Je remercie S*. Surtout, elle a bien fait de ne pas m’en parler avant d’envoyer ce message, car je lui aurais interdit de le faire. Elle a pris une bonne initiative. Je me méfie des intermédiaires, qui se mêleraient de faire ce que je n’ose pas faire moi-même, mais elle l’a fait intelligemment.

Bien sûr, elle n’a pas dit à B* la nature de mon problème. Elle ne se l’est pas permis. Alors, il voudrait savoir ce que c’est. Eh bien, viens me le demander !

J’espère que je ne le perturbe pas. Je m’en voudrais. Surtout que j’ai le chic pour choisir le moment : en plein pendant le bac.

Je ne sais pas si c’est ça, être amoureux. Finalement, je lui trouve plein de défauts. Vous avez bien vu : dans ces dernières pages, je ne suis pas très flatteur. Est-ce qu’on voit les défauts de l’autre quand on est amoureux ? Mais si ce n’est pas de l’amour, je ne sais pas quel autre sentiment pourrait me mettre dans cet état.

Au fait, je me suis fait une réflexion. Certains hétéros ne croient pas à l’amitié garçon-fille : ils pensent qu’il y a toujours une ambiguïté. Vous connaissez sans doute la chanson. Et pour les homos, alors ? Moi, suis-je capable d’être ami avec un garçon ? Avec l’ami que j’avais, on voit ce que ça donne : B*. Mes autres amis, qui sont-ils ? S* : fille. Adeline : fille. Qui encore ? Mathieu, peut-être. Tiens, un garçon.

Selon cette théorie, si je suis ami avec un mec, il y a un risque de ma part. Mais si je suis ami avec une fille, il y a donc un risque de sa part : elle pourrait tomber amoureuse de moi. Ben merde alors ! Avec qui pourrais-je avoir une amitié franche et sans faille, comme celle que partagent deux garçons ou deux filles hétéros ? Une seule solution : être ami avec une lesbienne. Ah, ça ne va pas être facile à trouver.

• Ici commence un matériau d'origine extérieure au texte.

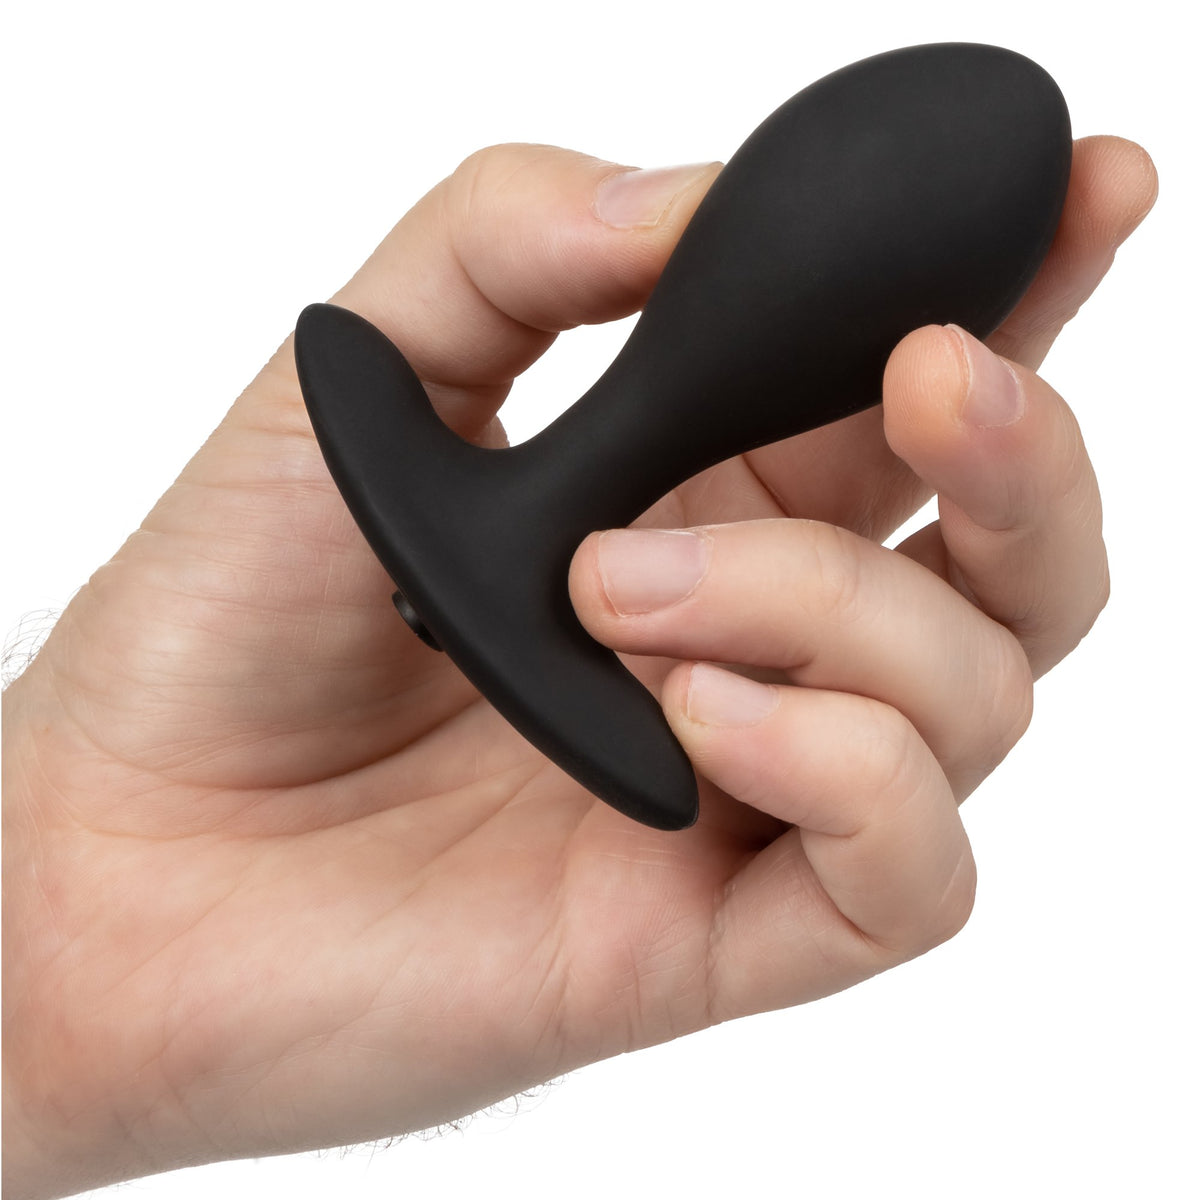 CalExotics Weighted Silicone Inflatable Plug - Black

Mais, si je suis ami avec une lesbienne, ce ne sera pas pareil que la fameuse amitié virile entre hétéros. Parce que les deux mecs hétéros, ils sont pareils : ils ont le même sexe, et ils aiment les filles. Ce sont des points communs non négligeables. Je n’aurais pas ça en commun avec une lesbienne. La seule personne avec qui j’aurais ça en commun, ce serait un pédé comme moi. Mais on retomberait sur le problème de l’ambiguïté possible.

Vous voyez : être homo, ça bouleverse non seulement la vie amoureuse et sexuelle, mais aussi la vie amicale, c’est-à-dire, finalement, toute la vie sociale. C’est fou.

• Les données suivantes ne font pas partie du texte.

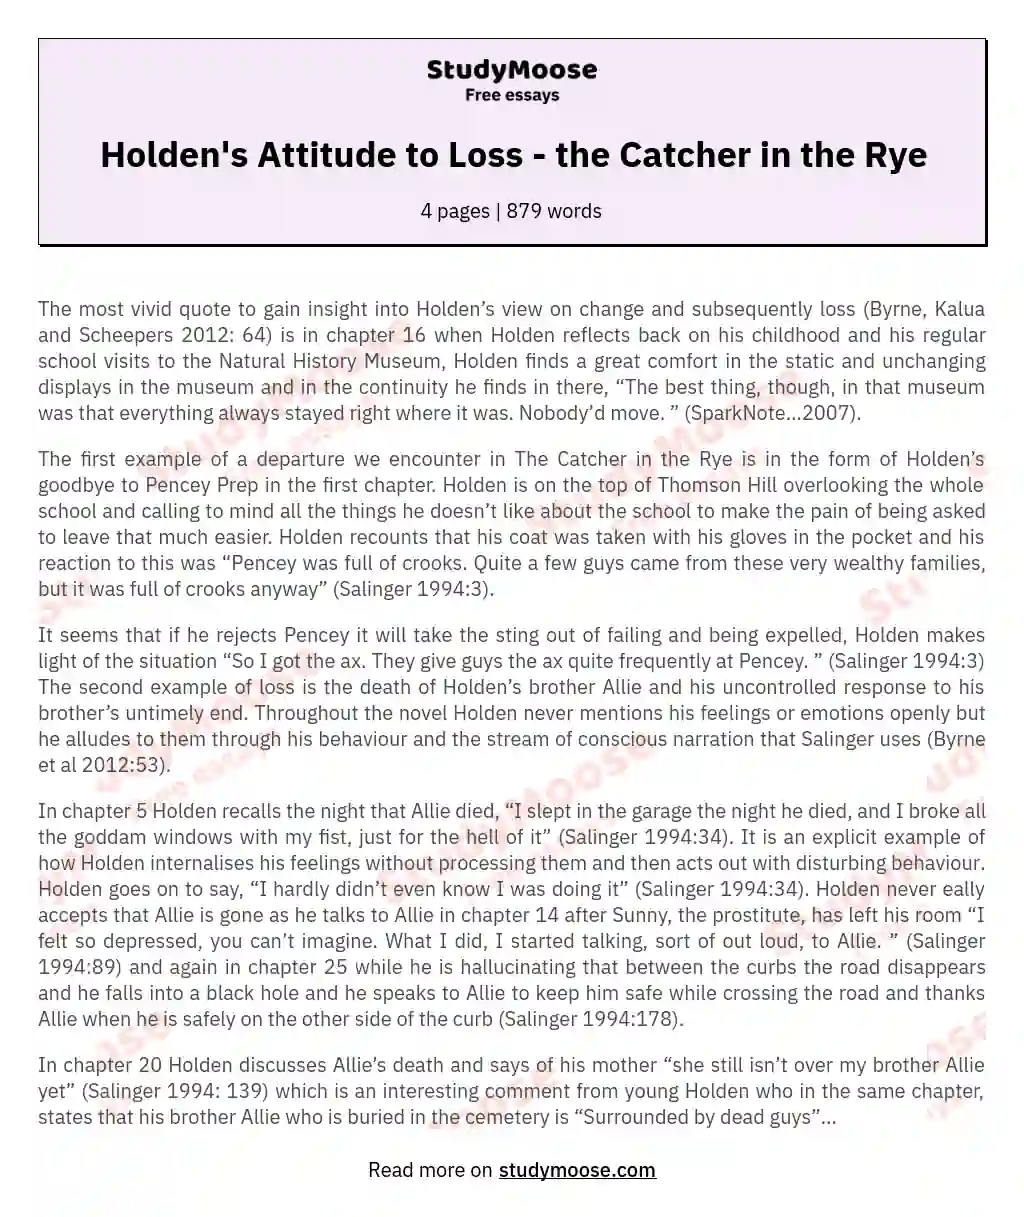 Holden's Attitude to Loss - the Catcher in the Rye essay

Autre chose. J’ai fait un rêve très marrant cette nuit. J’étais avec S* et M. T* (mon prof de maths de l’année dernière, que S* avait encore cette année). Sandrine lui dit : « Vous devriez venir manger à la maison avec vos enfants. » Il lui fait remarquer qu’elle est indélicate, car elle se permet de mêler cette invitation à quelque chose de très intime : ses enfants. Or, il n’a pas d’enfants. Elle s’excuse. Elle lui dit : « Eh bien, venez avec votre copine » (oui, elle dit « copine » à M. T*, qui est un homme de soixante ans, et qui est tout de même son prof). Il lui répond : « Tu veux dire mon copain ? Non, il ne voudra jamais. » S* : « Ah, parce que vous… ? » Et elle est mal à l’aise. Moi, je rigole. Je me dis, dans le rêve, que je me suis toujours douté qu’il était pédé. Ensuite, je me retrouve seul avec lui. Il me parle de sa vie, de son compagnon. Je n’ose pas lui dire que je suis homo aussi ; il me semble pourtant que ce serait intéressant de le dire. Il me dit que, si ça se trouve, son copain a le sida. Je lui demande pourquoi il imagine une chose pareille… Il répond que son copain fréquente beaucoup d’autres hommes. Ça me surprend. Je m’exclame : « Ce n’est pas votre genre, un homme pareil ! » et il me répond : « Tu sais, quand on est amoureux… »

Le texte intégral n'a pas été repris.